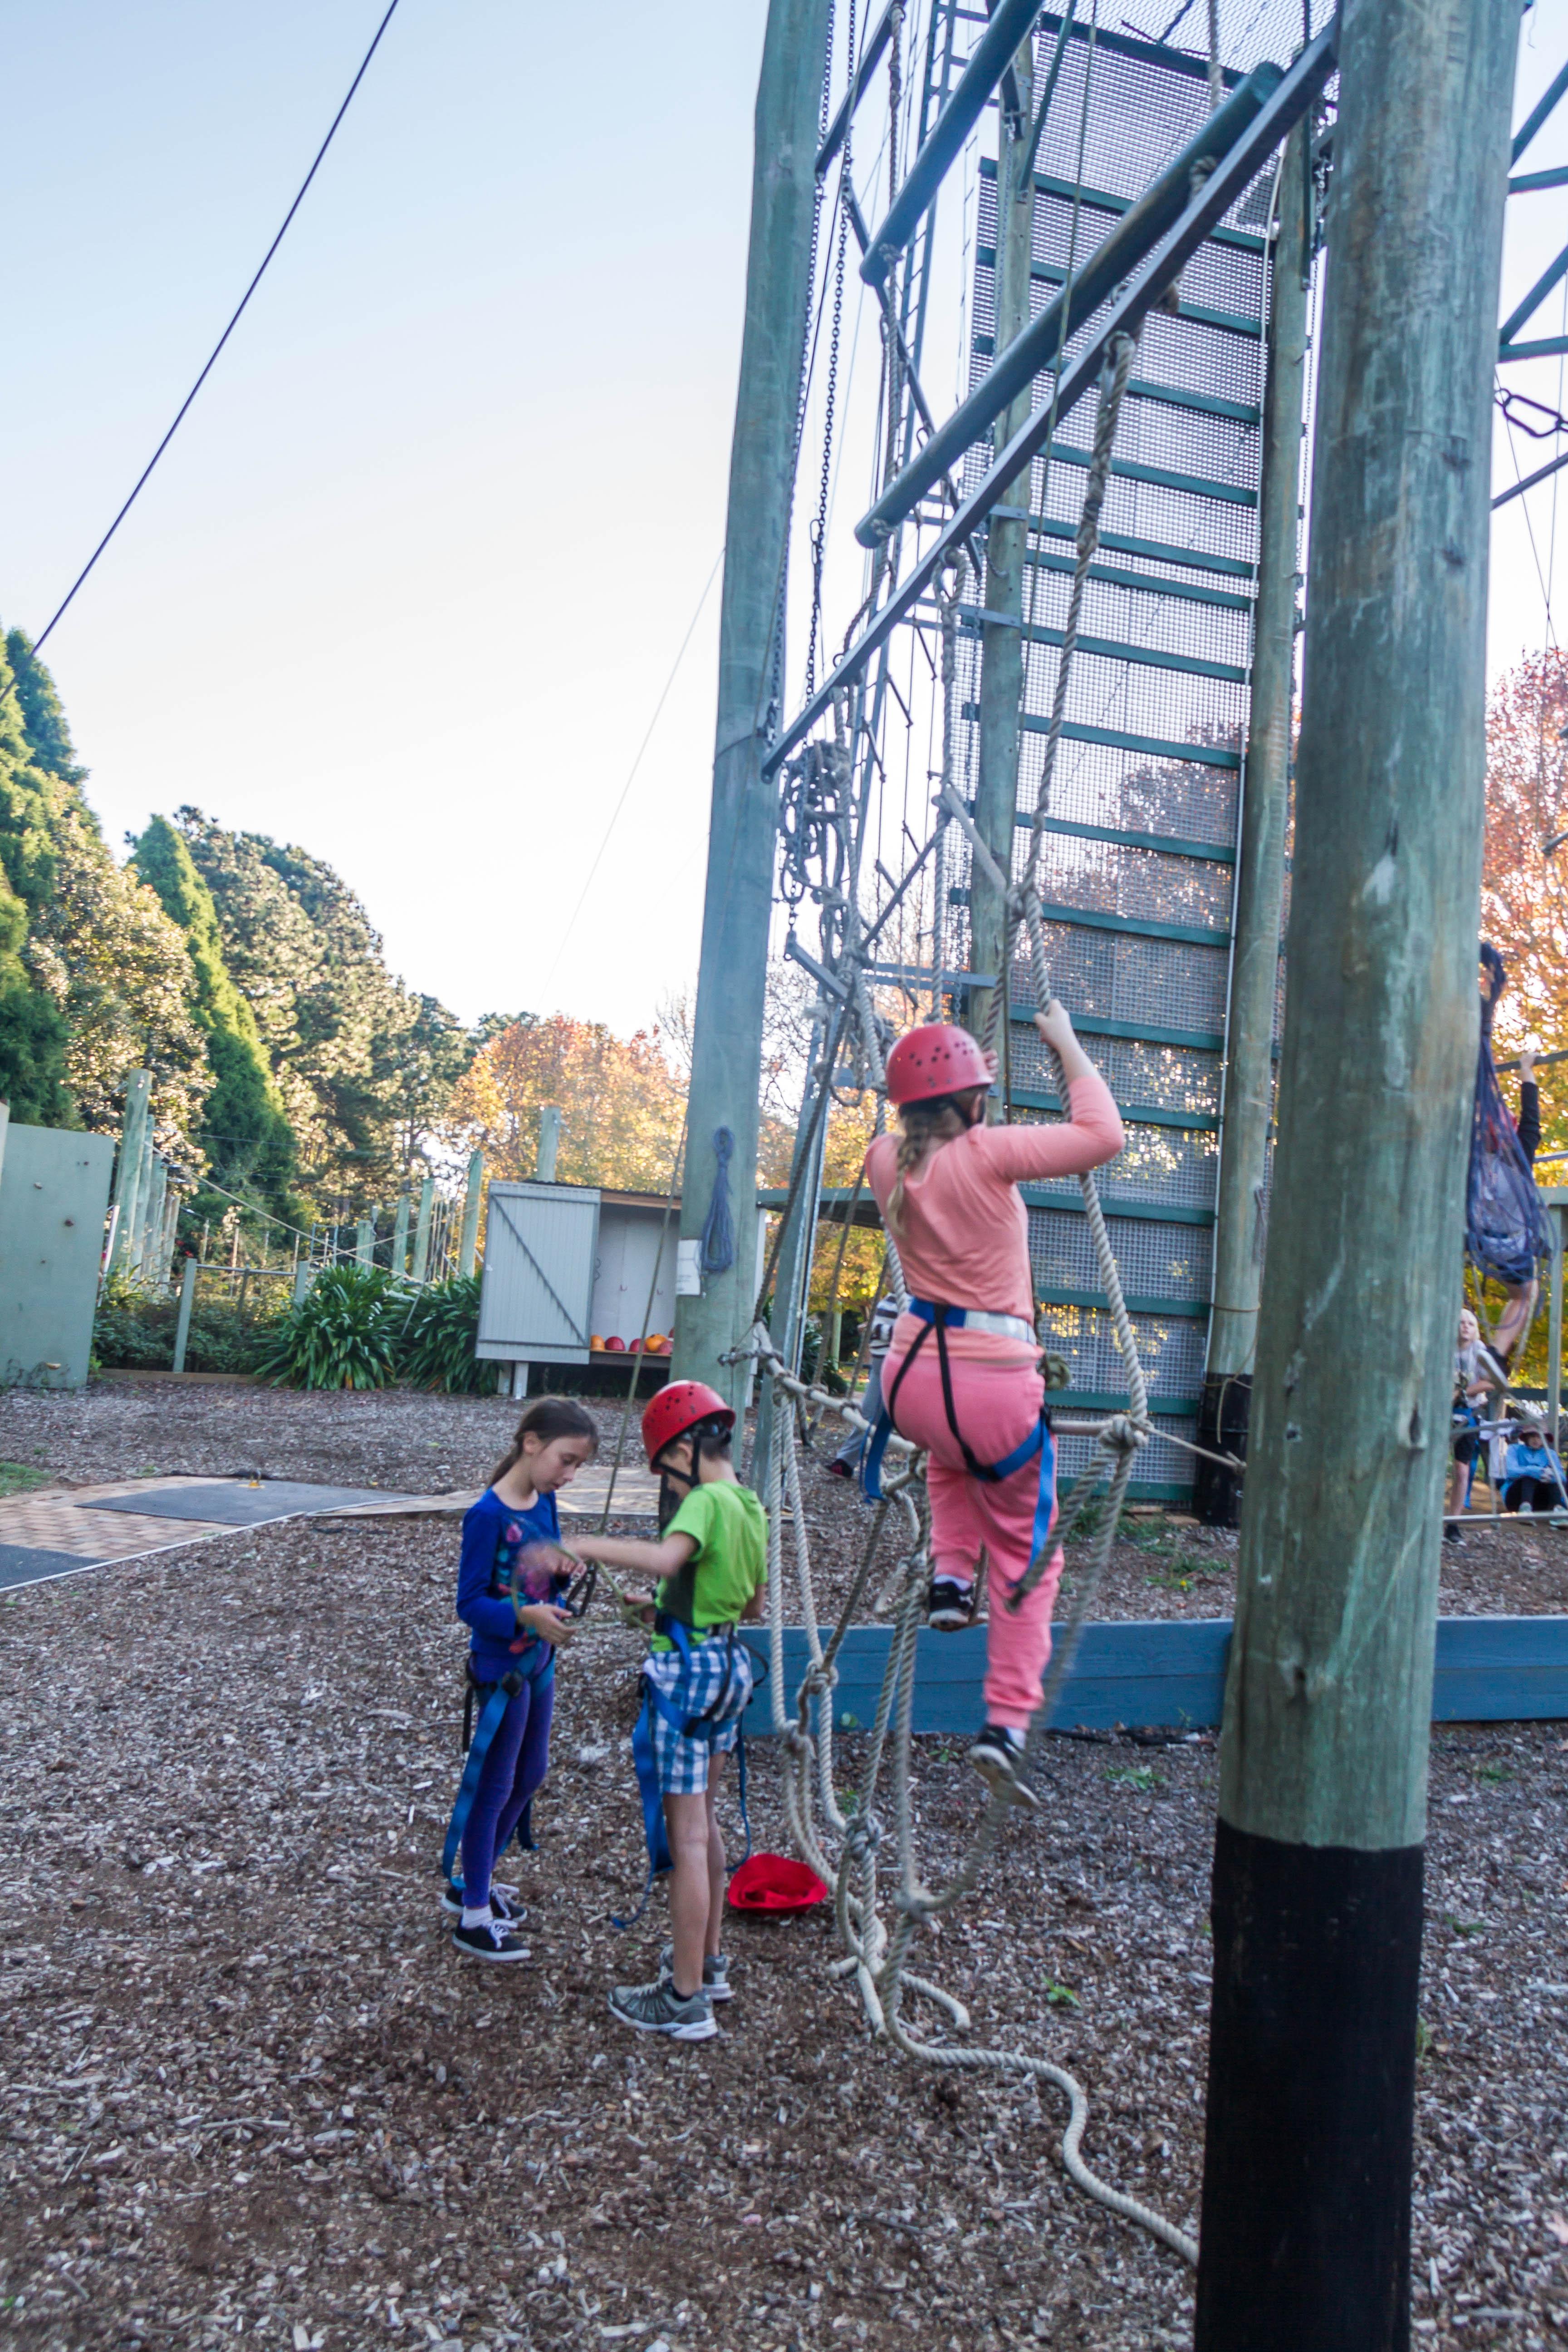 Giant's Playground
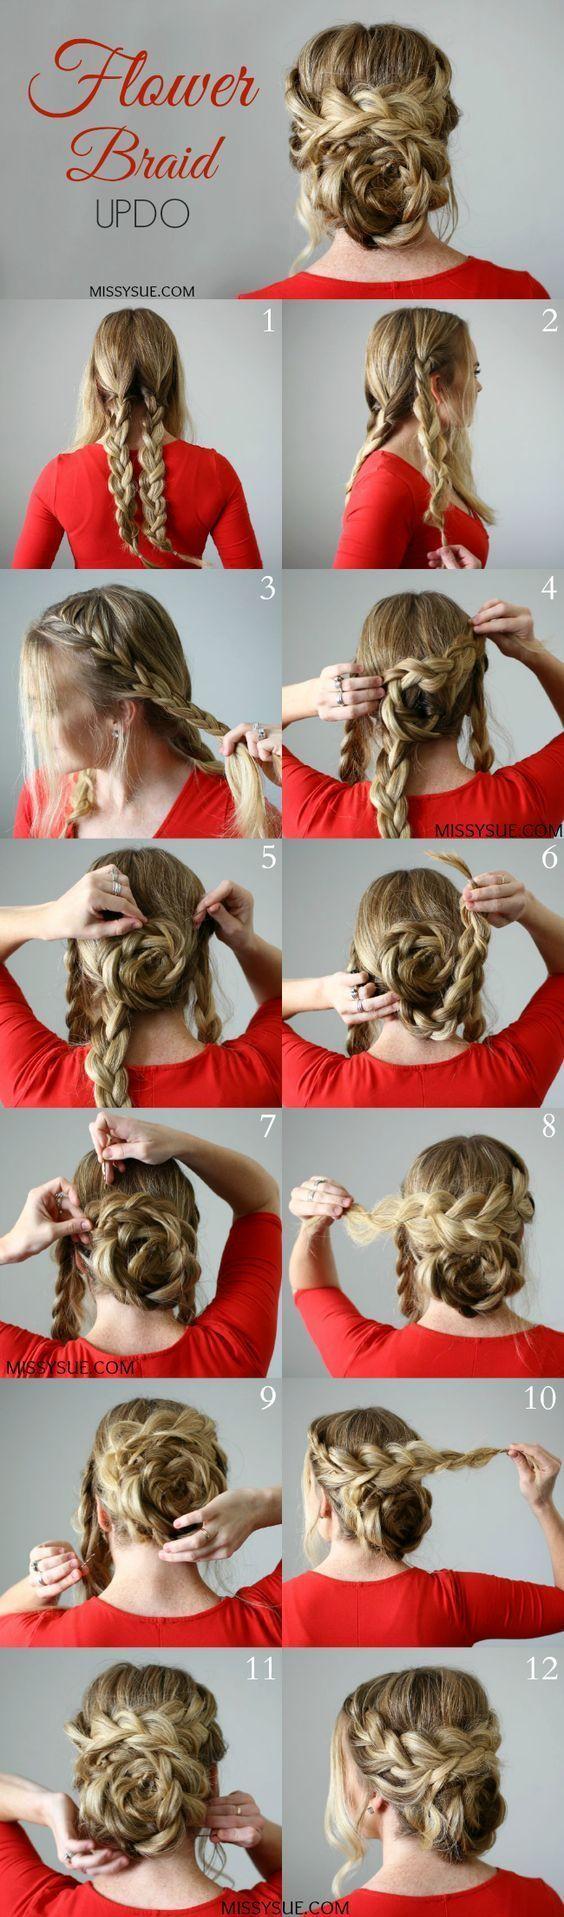 Flower Braid Updo Tutorial / http://www.himisspuff.com/easy-diy-braided-hairstyles-tutorials/79/:
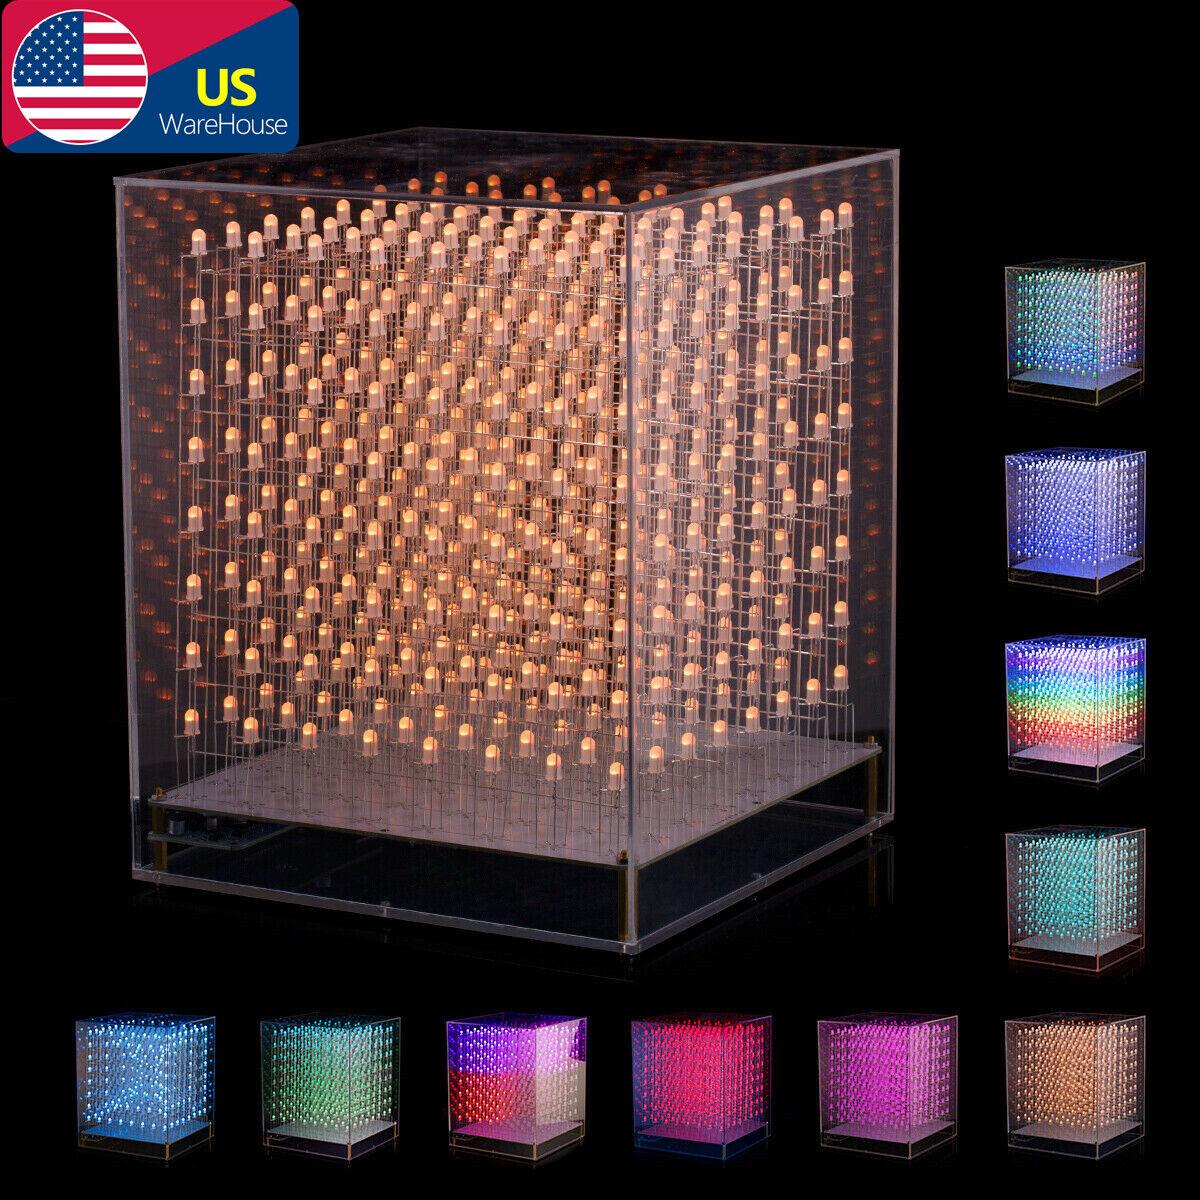 Useful 3D LightSquared 8 x 8 x 8 LED Cube White LED Blue Ray DIY Kit ♓
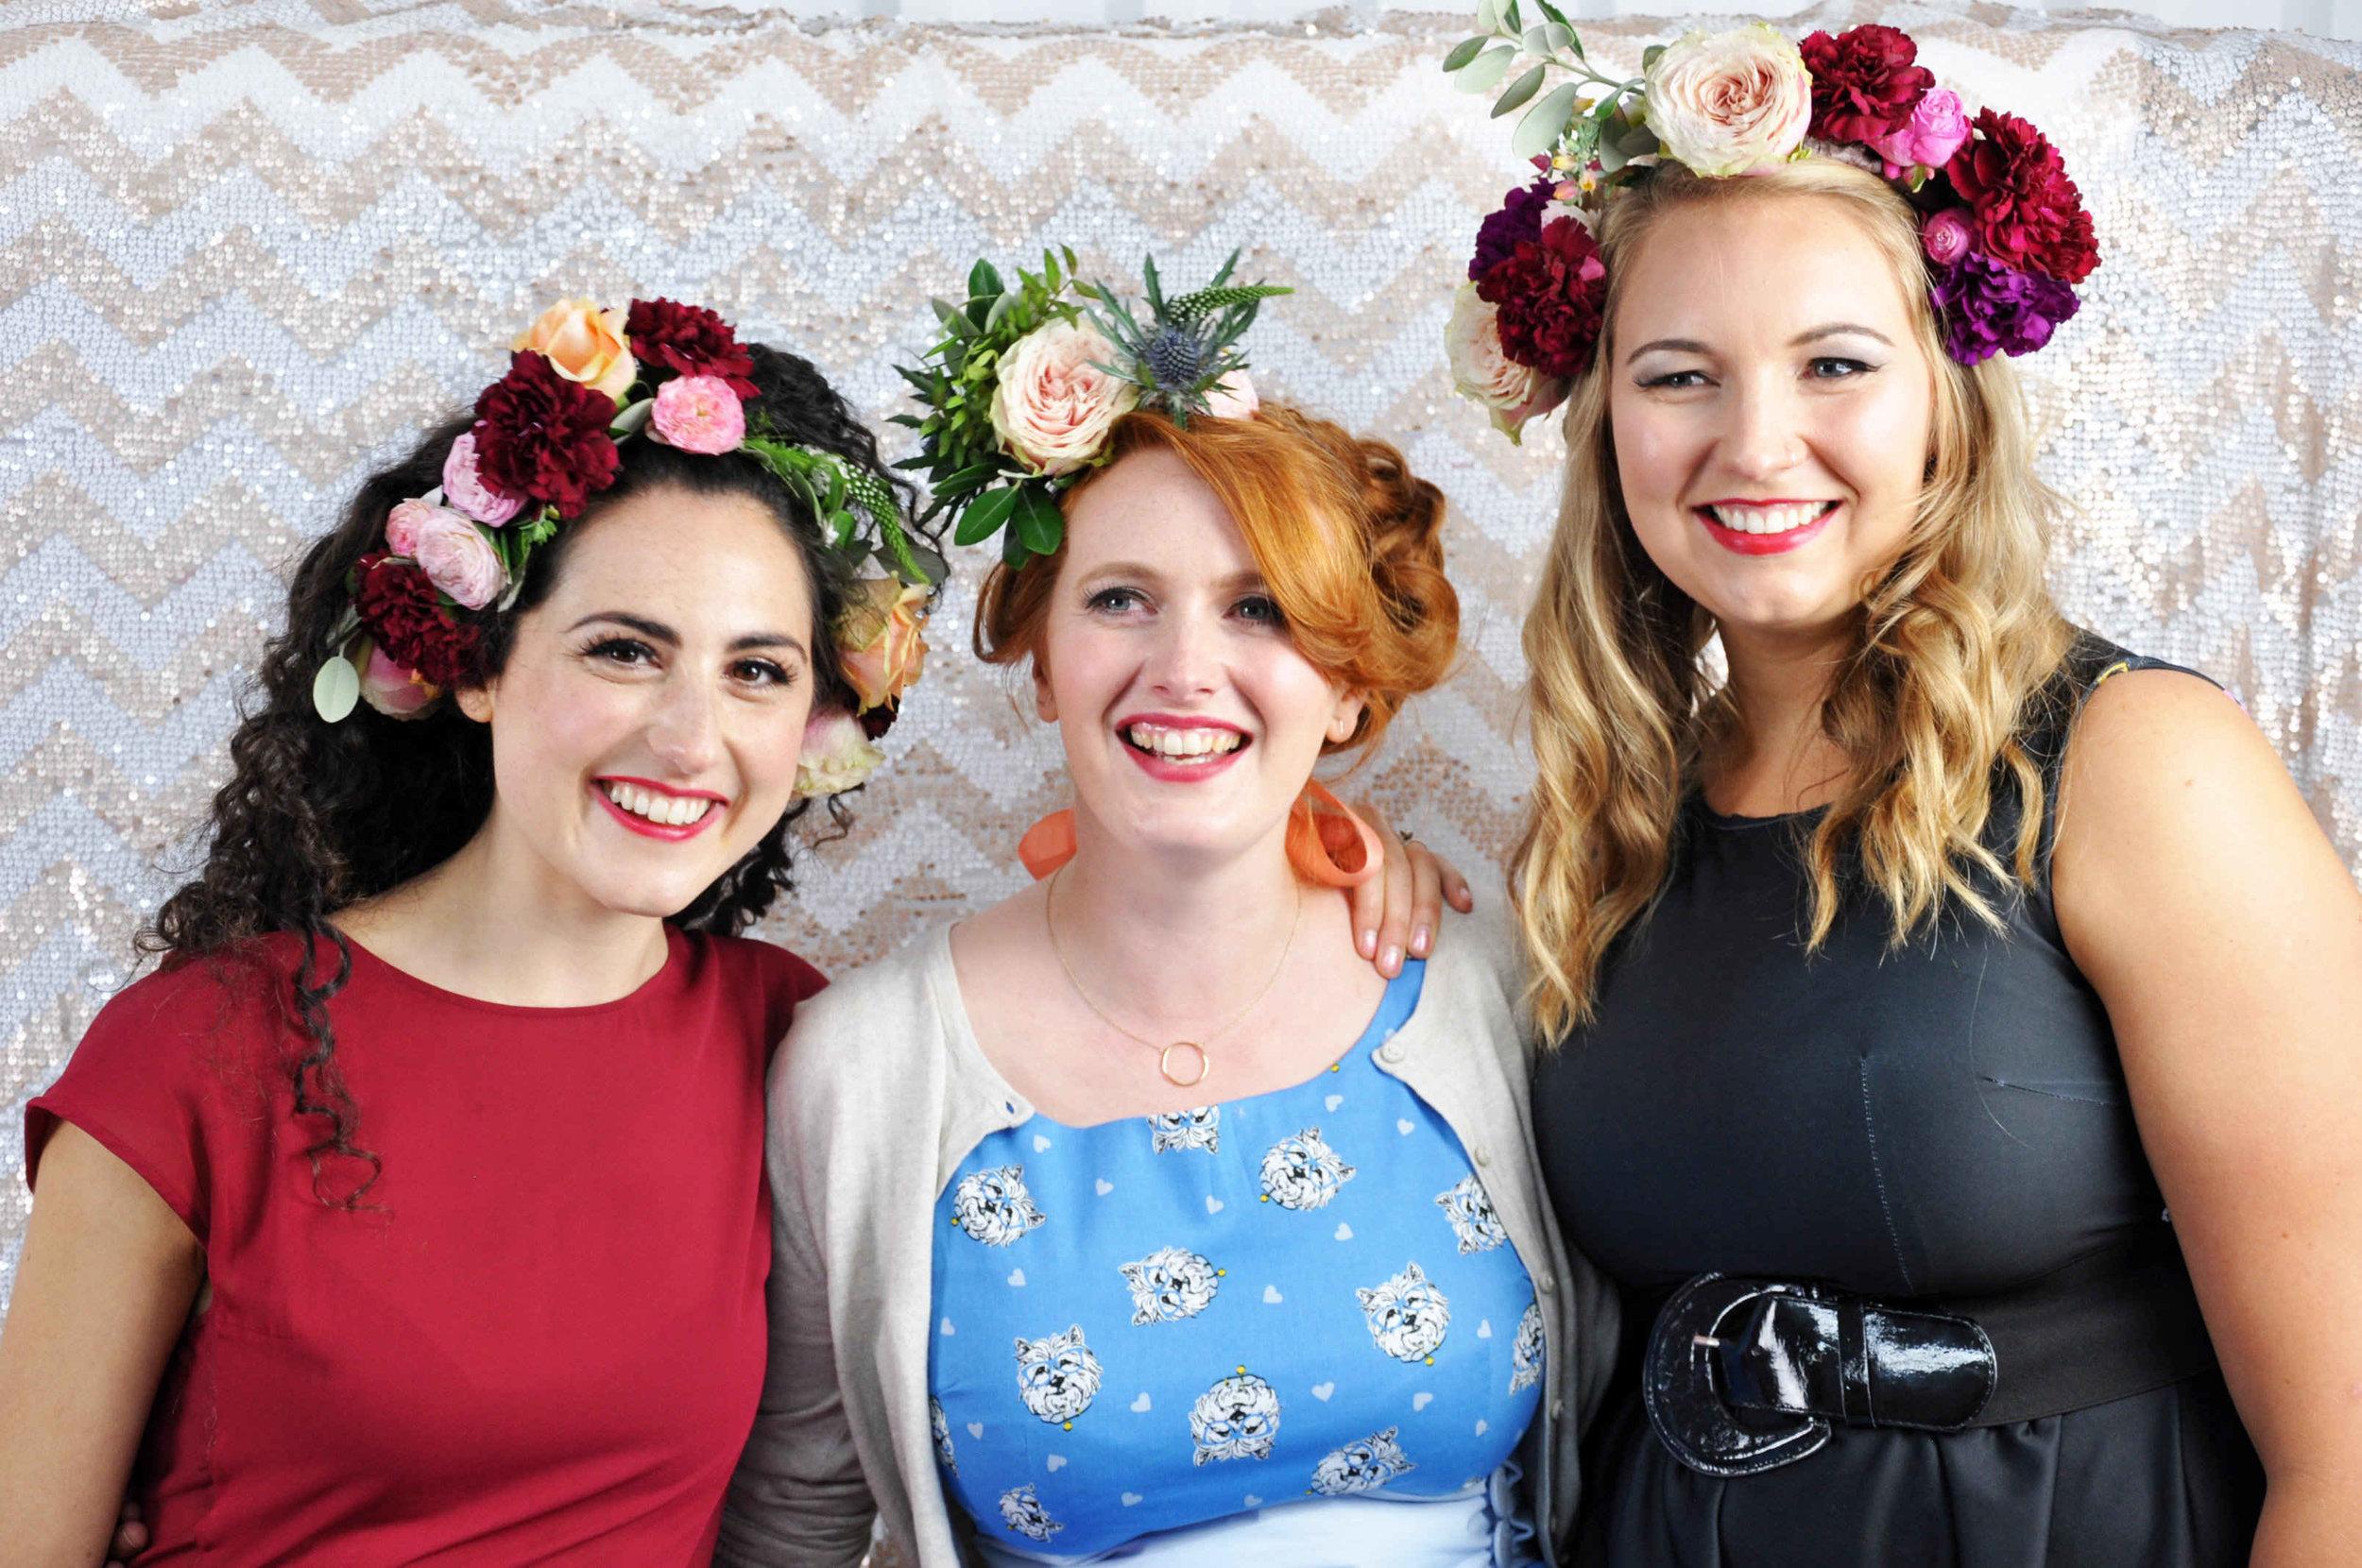 three smiling women wearing flower crown headdresses

▶ [YOUR TASK]
Whenever you reach a picture, pass over it; print all the other material exactly.

▶ [RESPONSE TO THE TASK]
 Giant's Playground
 Flower Braid Updo Tutorial / http://www.himisspuff.com/easy-diy-braided-hairstyles-tutorials/79/:
 Useful 3D LightSquared 8 x 8 x 8 LED Cube White LED Blue Ray DIY Kit ♓
 three smiling women wearing flower crown headdresses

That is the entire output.